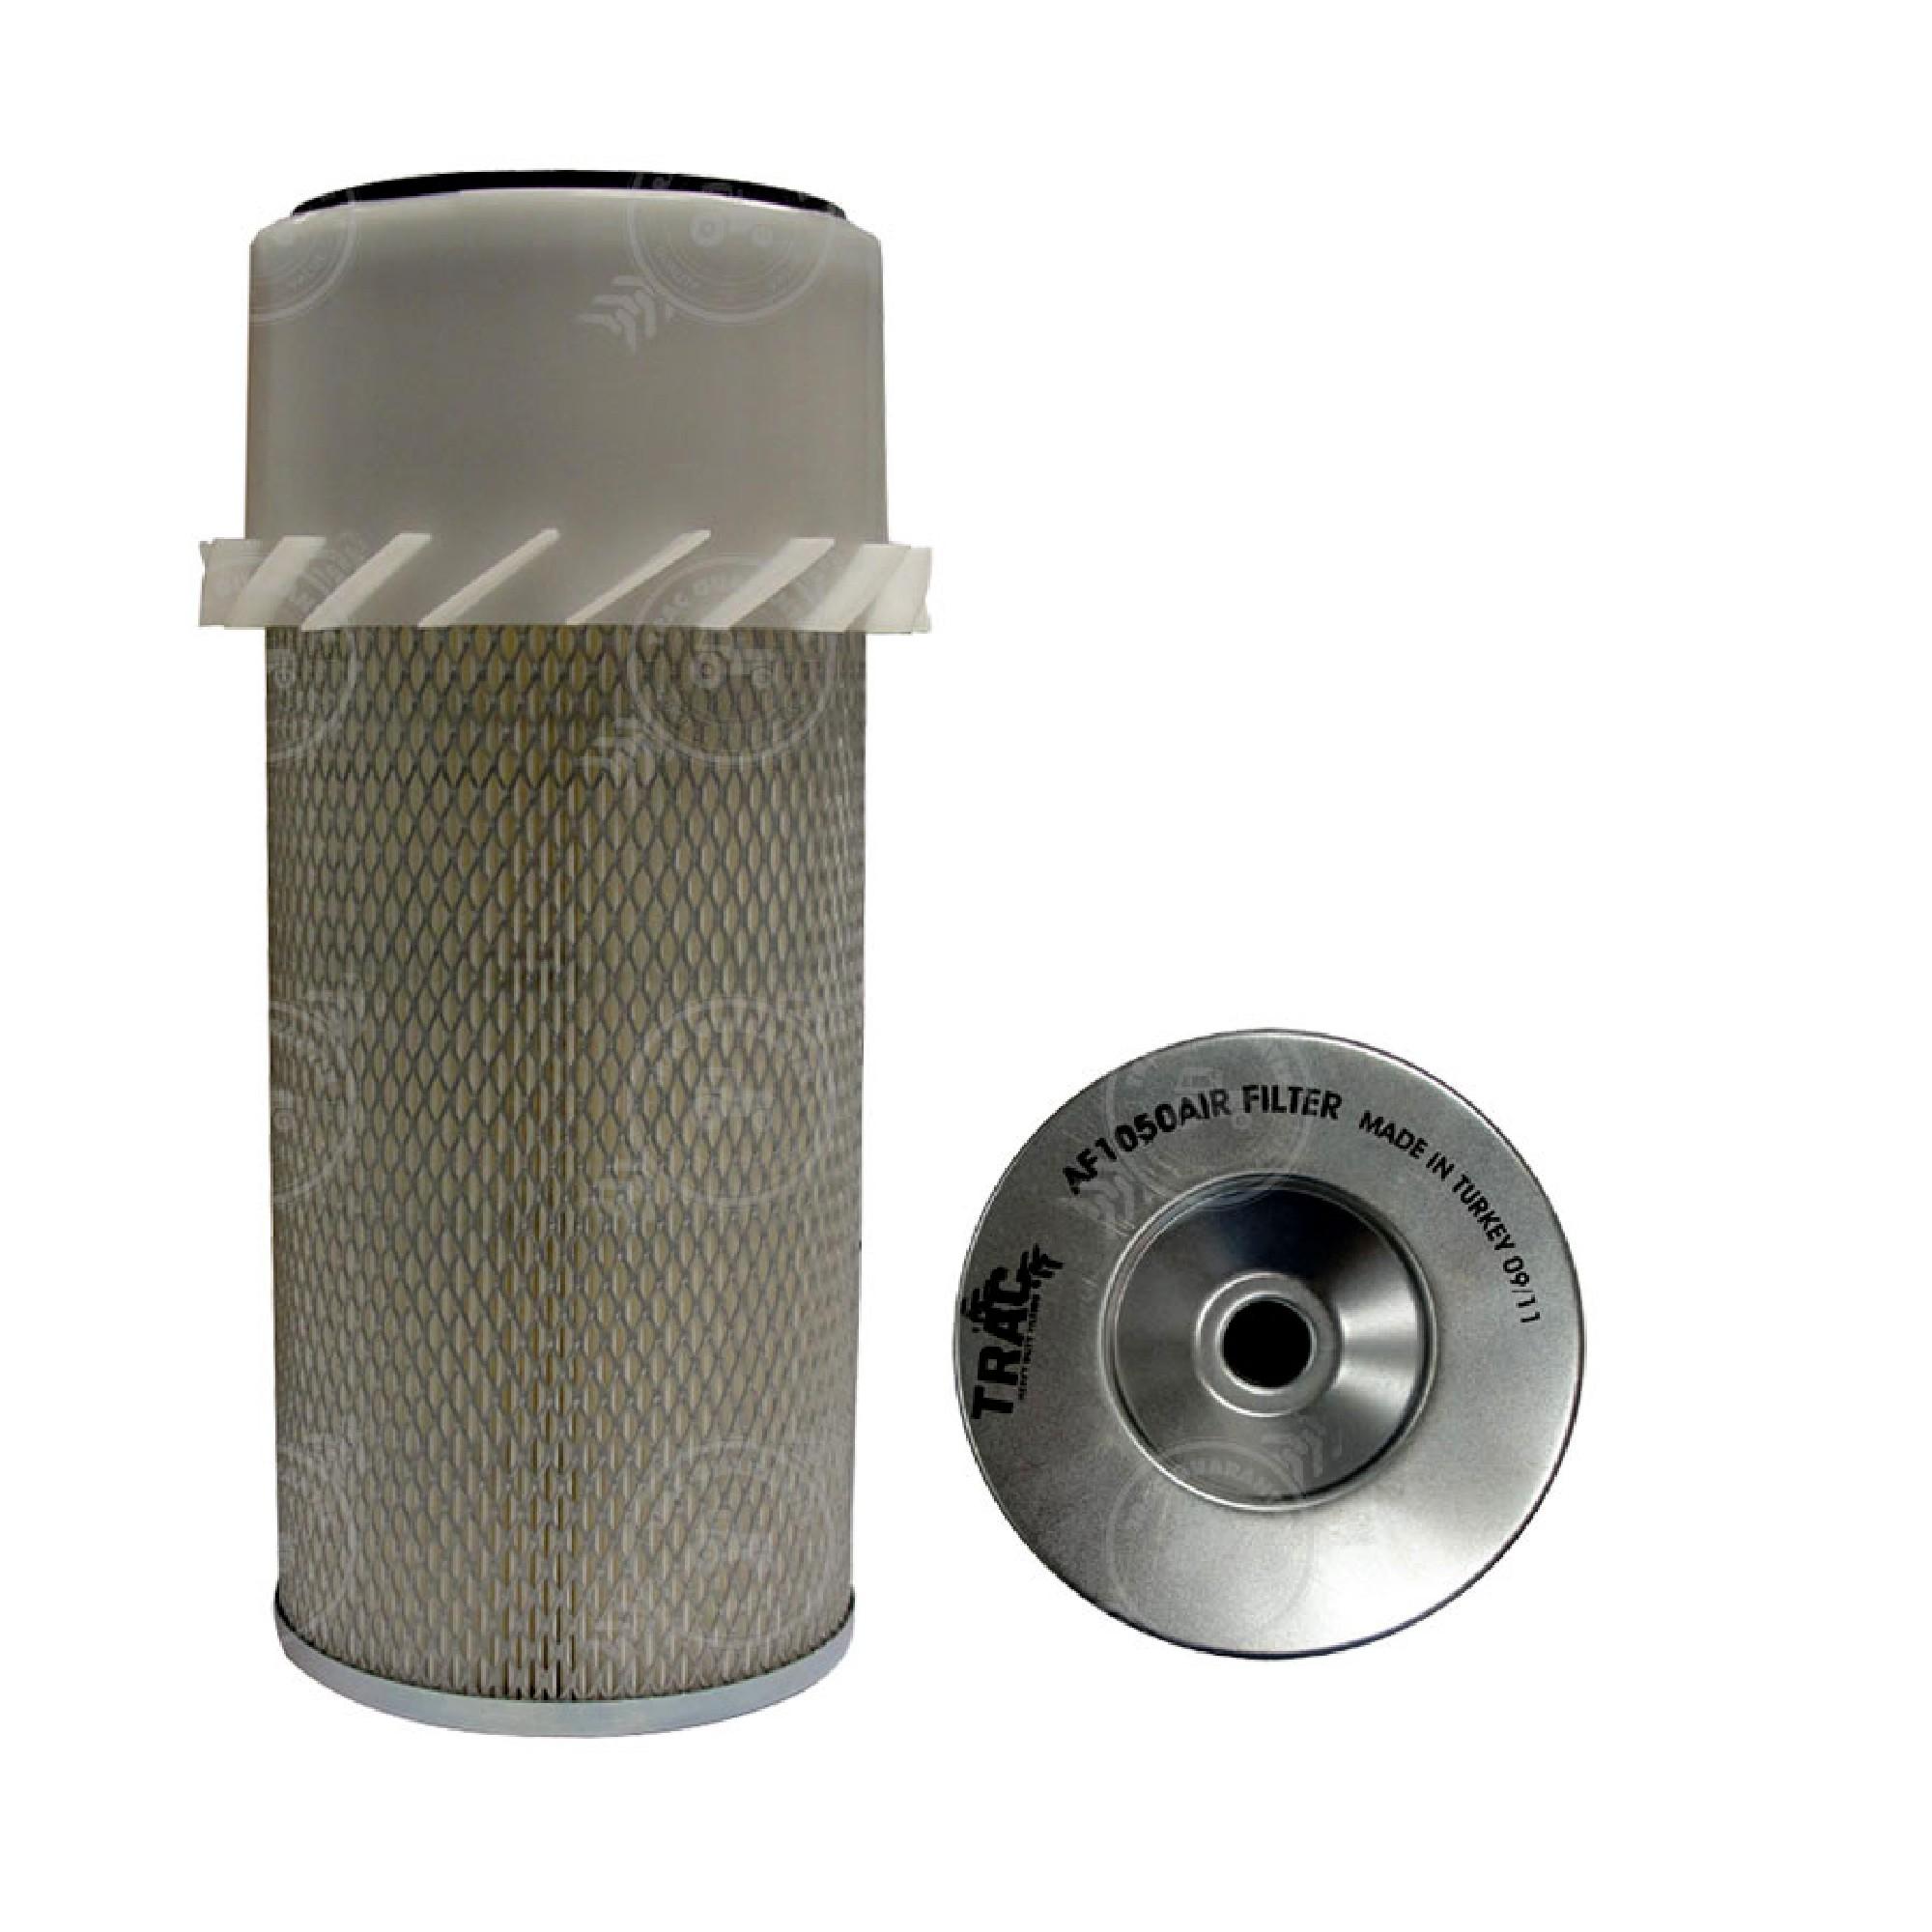 Allis Chalmers Air Cleaner : Air filter for allis chalmers case international harvester
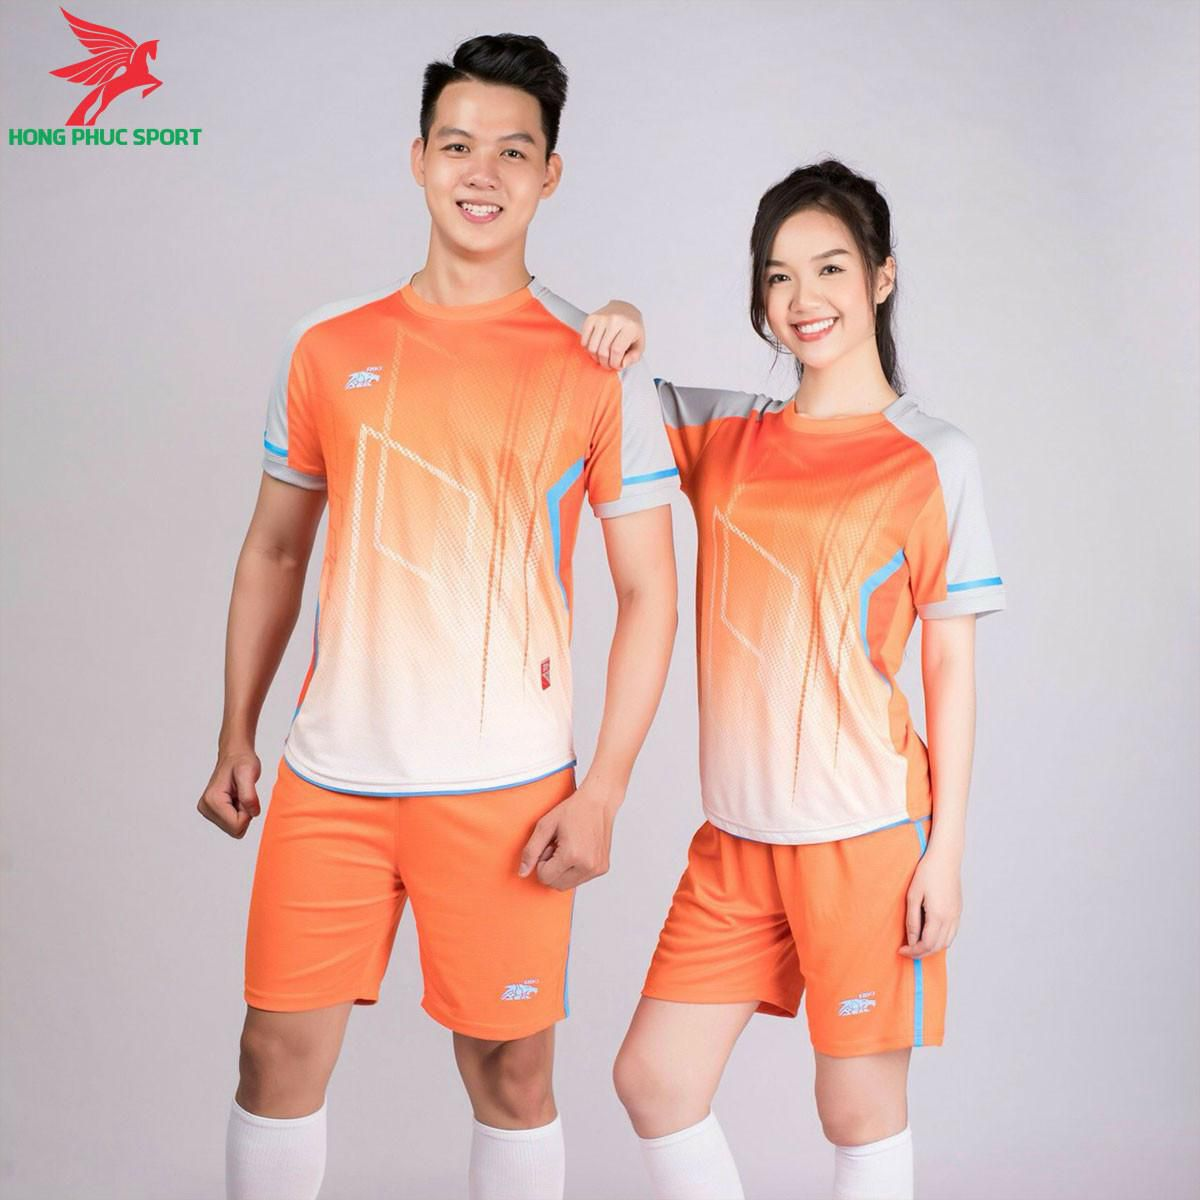 https://cdn.hongphucsport.com/unsafe/s4.shopbay.vn/files/285/ao-khong-logo-riki-airmaxx-mau-cam-2-603eed16bab1f.jpg
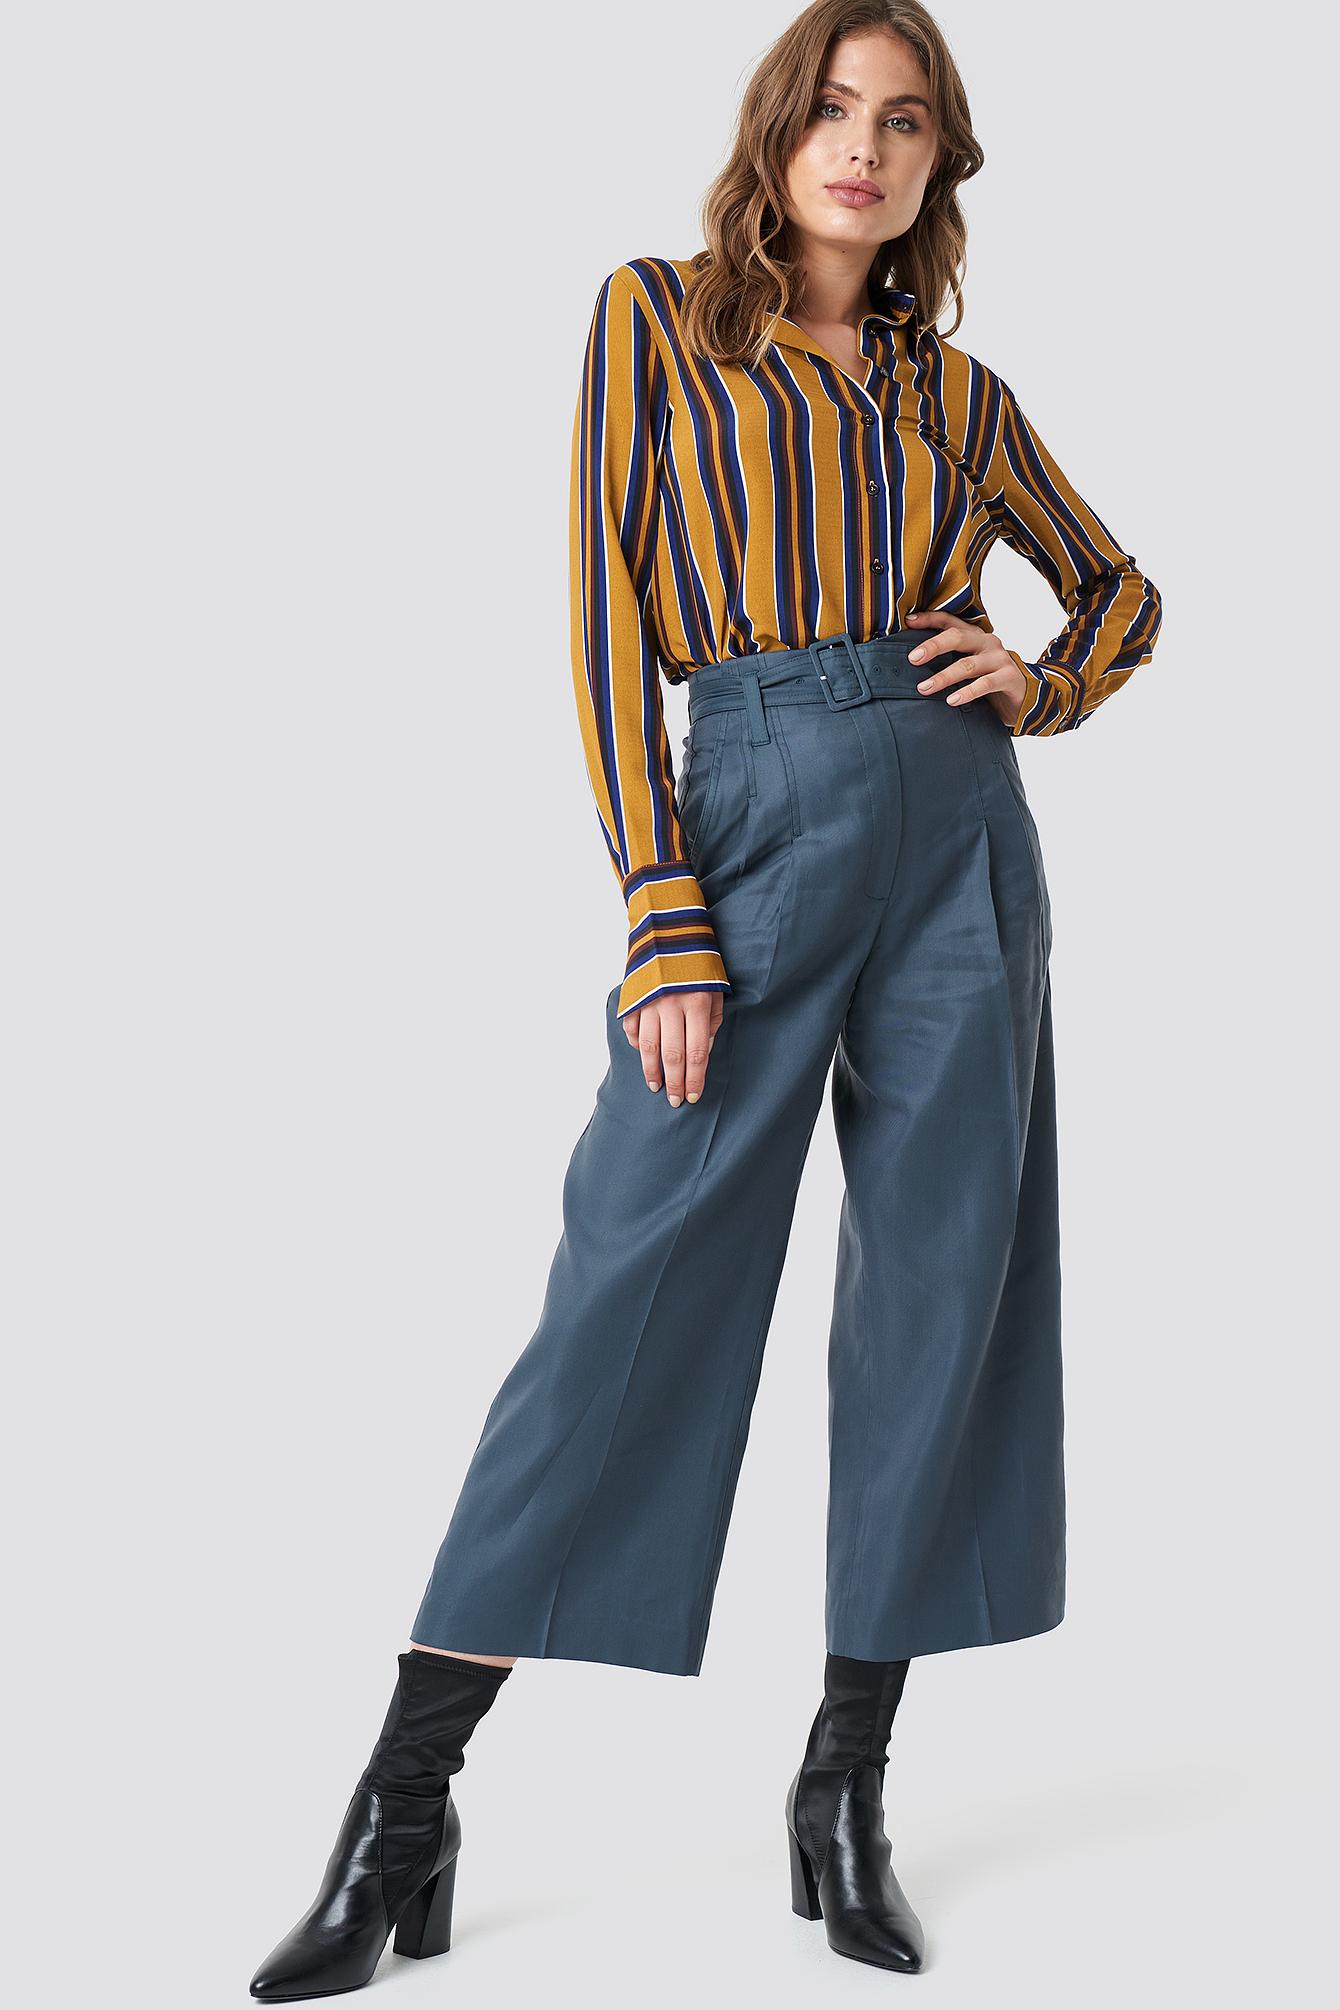 mango -  Linus Trousers - Blue,Navy
......
* **Exercise brief**
Transcribe the material above word for word; images do not belong in the copy.

* **Solution to the problem**
 Allis Chalmers Air Cleaner : Air filter for allis chalmers case international harvester
 https://cdn.hongphucsport.com/unsafe/s4.shopbay.vn/files/285/ao-khong-logo-riki-airmaxx-mau-cam-2-603eed16bab1f.jpg
 mango -  Linus Trousers - Blue,Navy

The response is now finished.